Unsurprisingly perhaps, the period saw a substantial drop in call-outs related to road accidents and deliberate fires, but also an increase in small outdoor fires, which was partially blamed on the closure of recycling centres during much of the time in question.

The report added:  “The reduction in RTCs can be attributed to fewer vehicles on the roads during lockdowns. Interestingly, however, the percentage of those RTCs where the service was called upon to extricate or release people from vehicles remained consistent with previous years, at 37%.

“The reduction in deliberate fires combines the continuation of a steady downward trend in deliberate primary fires achieved over the past five years with a 36% reduction in deliberate secondary fires.
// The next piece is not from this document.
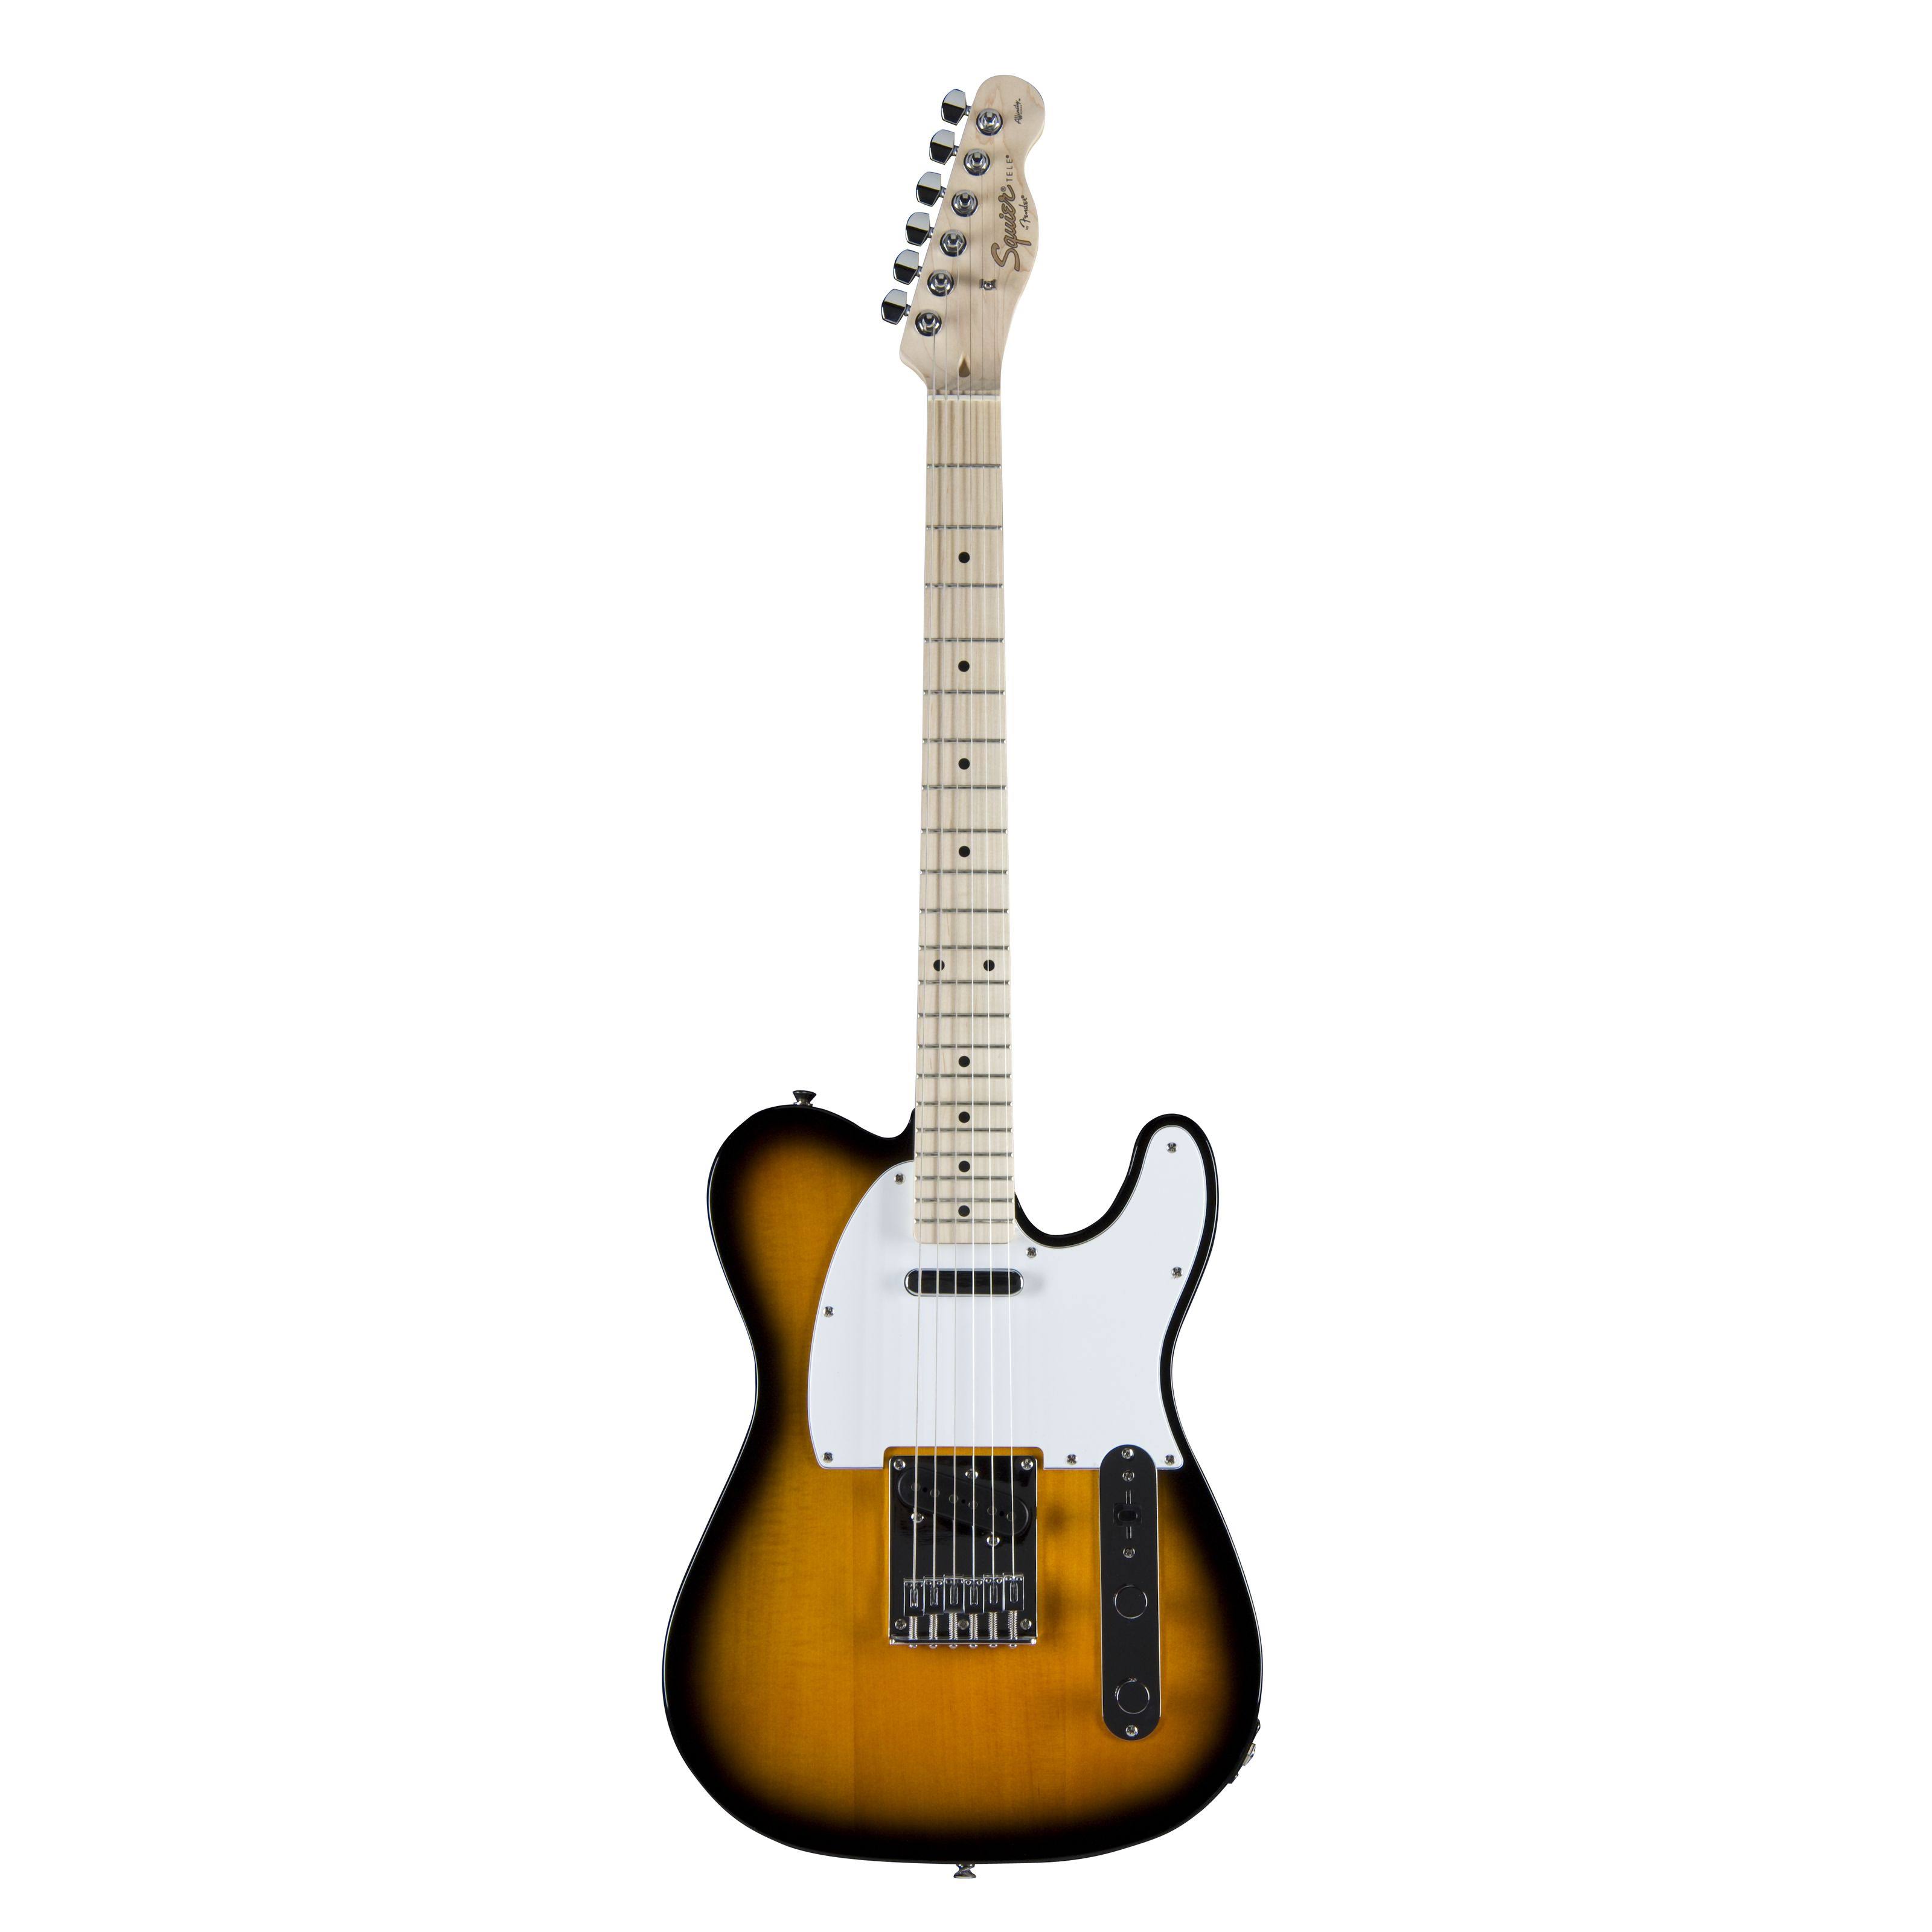 Fender Squier Affinity Telecaster Electric Guitar - Maple Fingerboard

“However, calls to small fires in gardens and loose rubbish during lockdowns contributed to a 39% increase in accidental secondary fires.”

The number of call-outs to road traffic collisions fell dramatically from 144 to 81, 30 of which requiring someone to be cut out of the vehicle.

But the number of deaths from accidental fires in homes rose from three to four.

Addressing the Executive Panel Meeting, assistant chief officer Shân Morris added: “During the first quarter, secondary fires were up by almost 20% on the previous year, which are small open air fires resulting in no injuries.

“During the first lockdown it was clear there were more people than usual based from home and using their time to do some work about the house, clearing the garden or burning rubbish in the back garden.

“Sometimes this was down to the recycling centres being closed, and of course some of those fires got out of control and saw call-outs.”

The report was accordingly noted by members of the fire authority.